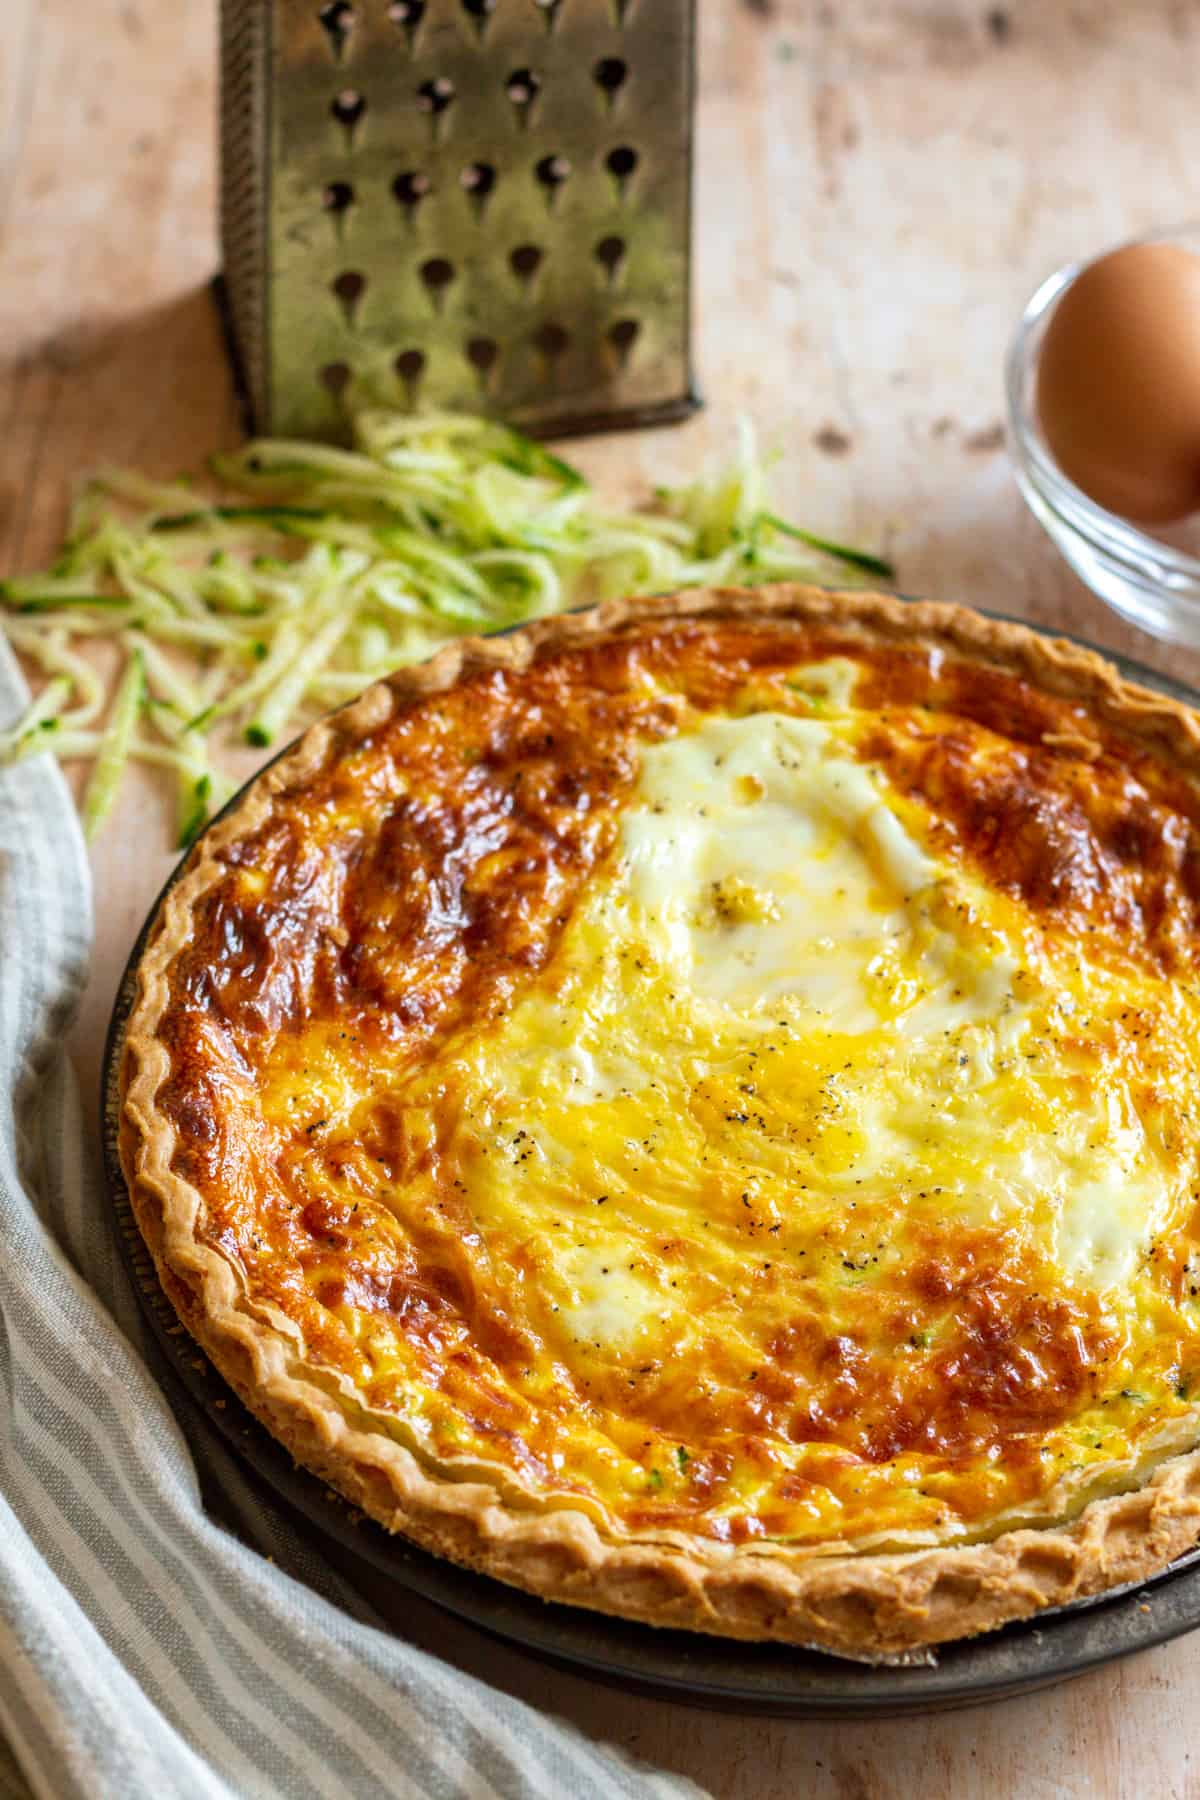 Zucchini quiche in a grey pie tin with a striped napkin, shredded zucchini, and eggs in the background.
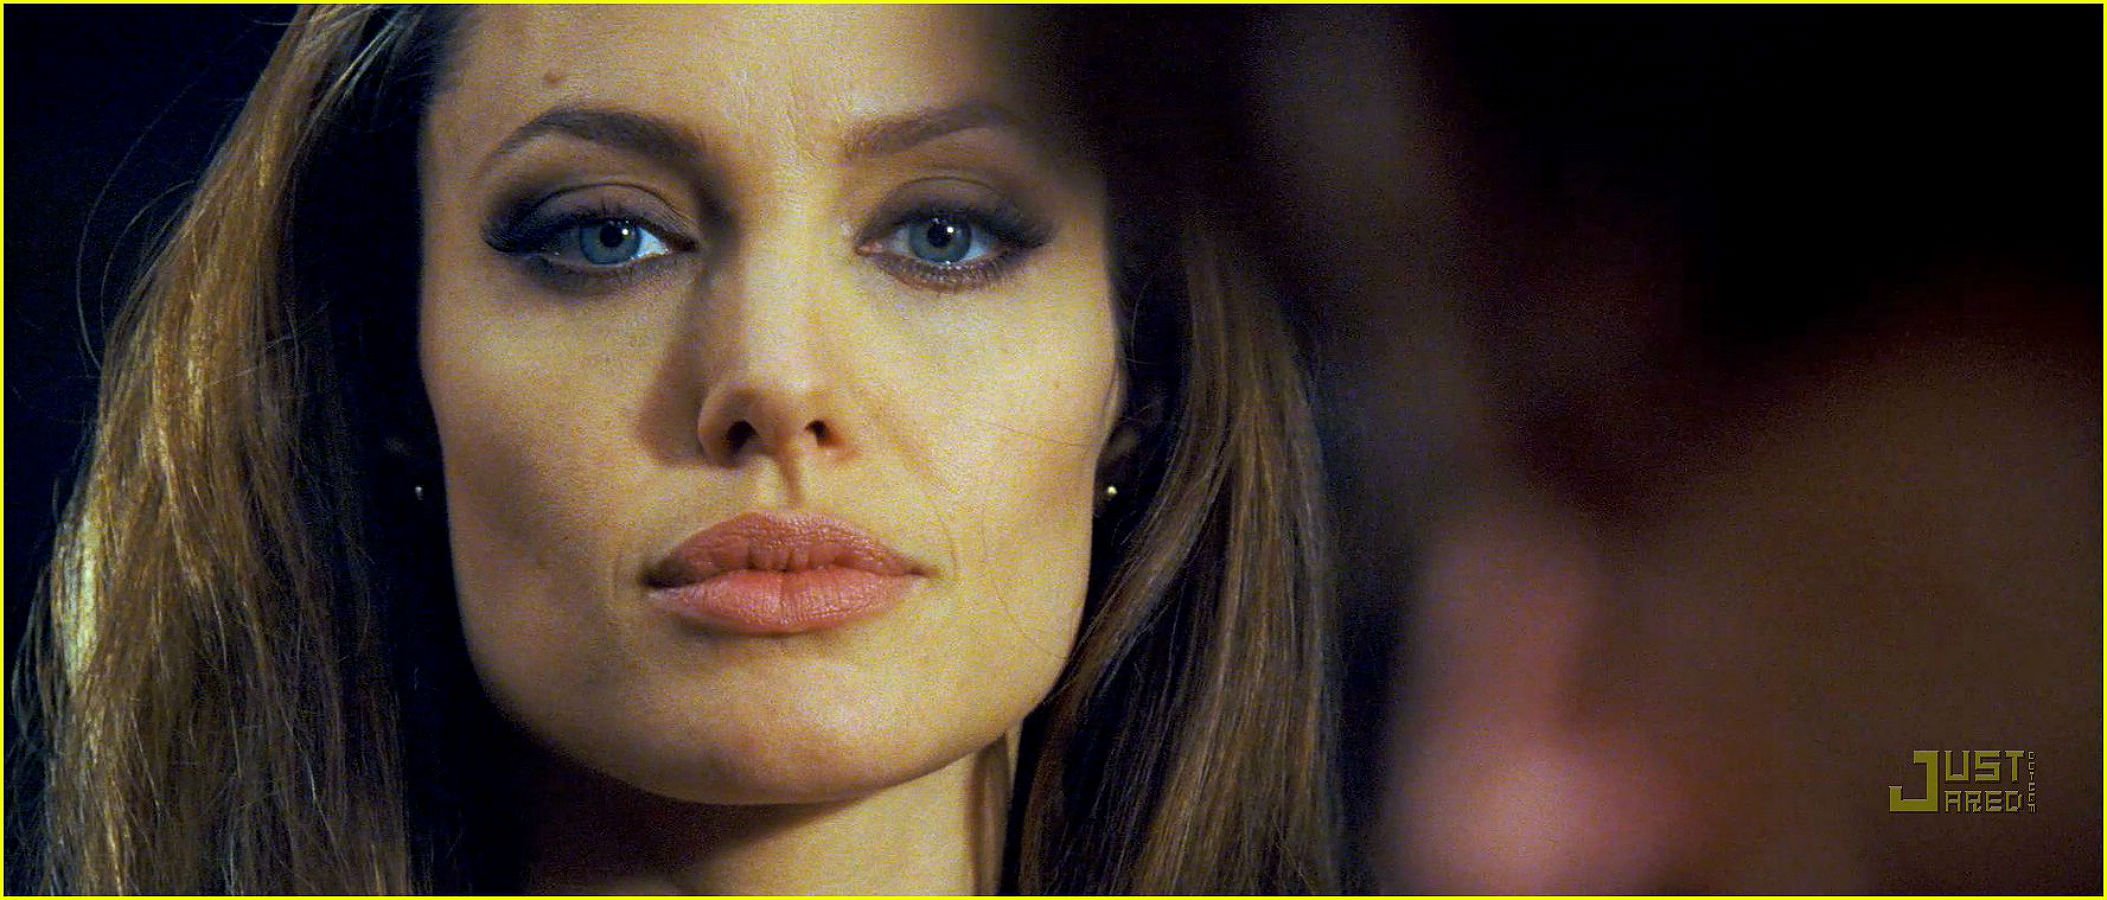 wanted, Action, Crime, Fantasy, Sci fi, Jolie,  55 Wallpaper
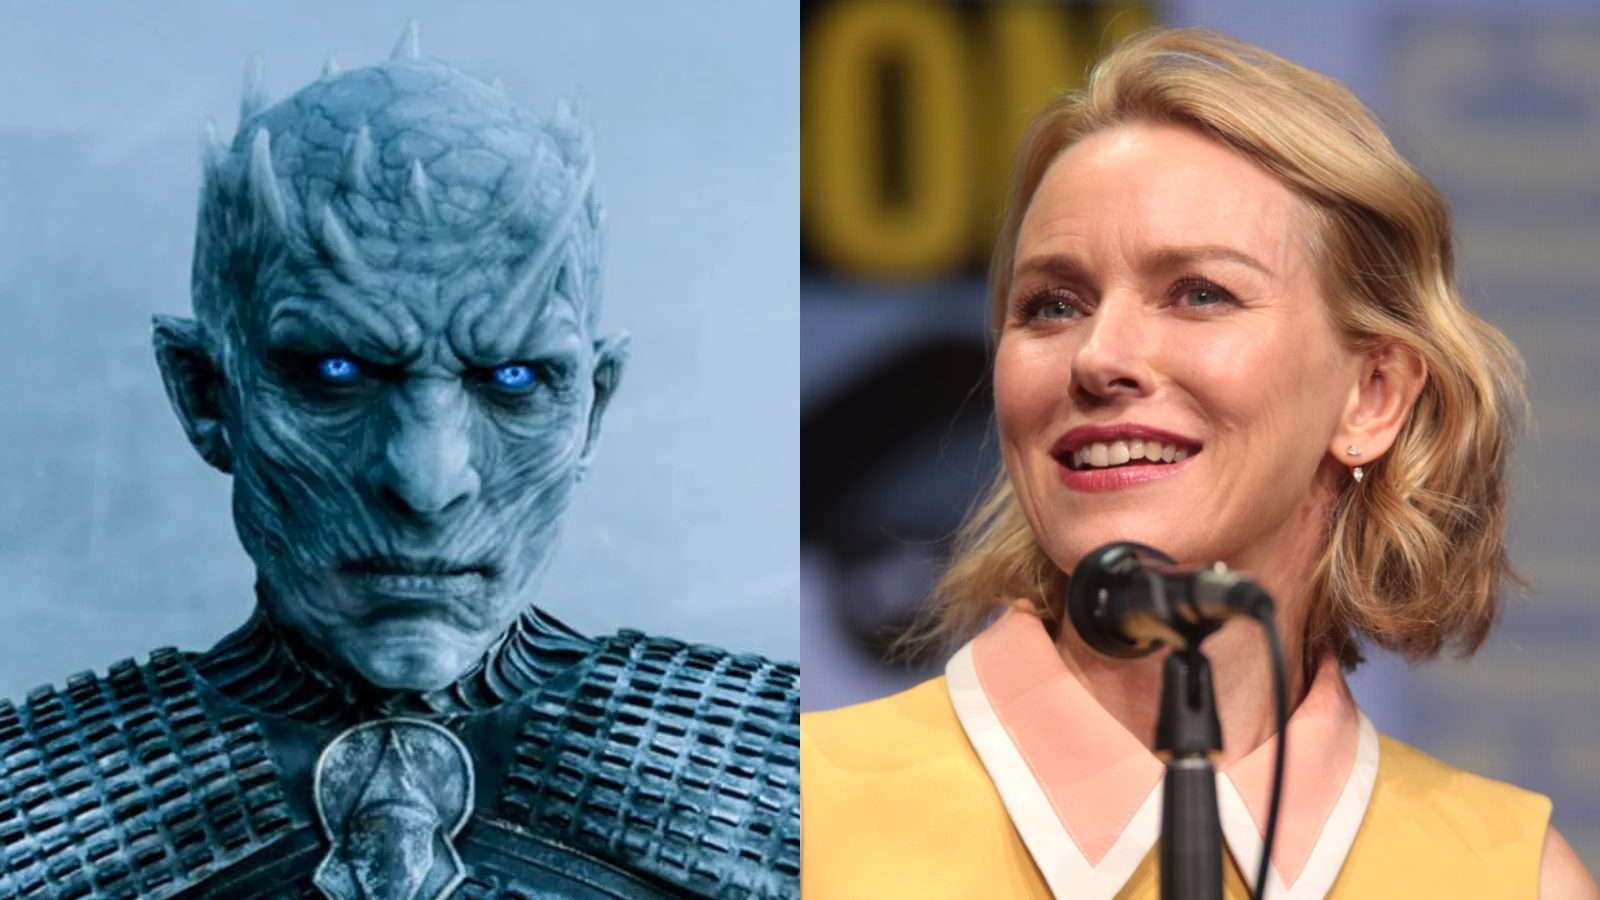 Night King leader of the White Walkers and actor Naomi Watts who was set to star in Bloodborn.
++++++++
:: Your task ::
Set down the entire material verbatim, with each picture left out.

:: Solution to this task ::
 Zucchini quiche in a grey pie tin with a striped napkin, shredded zucchini, and eggs in the background.
 wanted, Action, Crime, Fantasy, Sci fi, Jolie,  55 Wallpaper
 Night King leader of the White Walkers and actor Naomi Watts who was set to star in Bloodborn.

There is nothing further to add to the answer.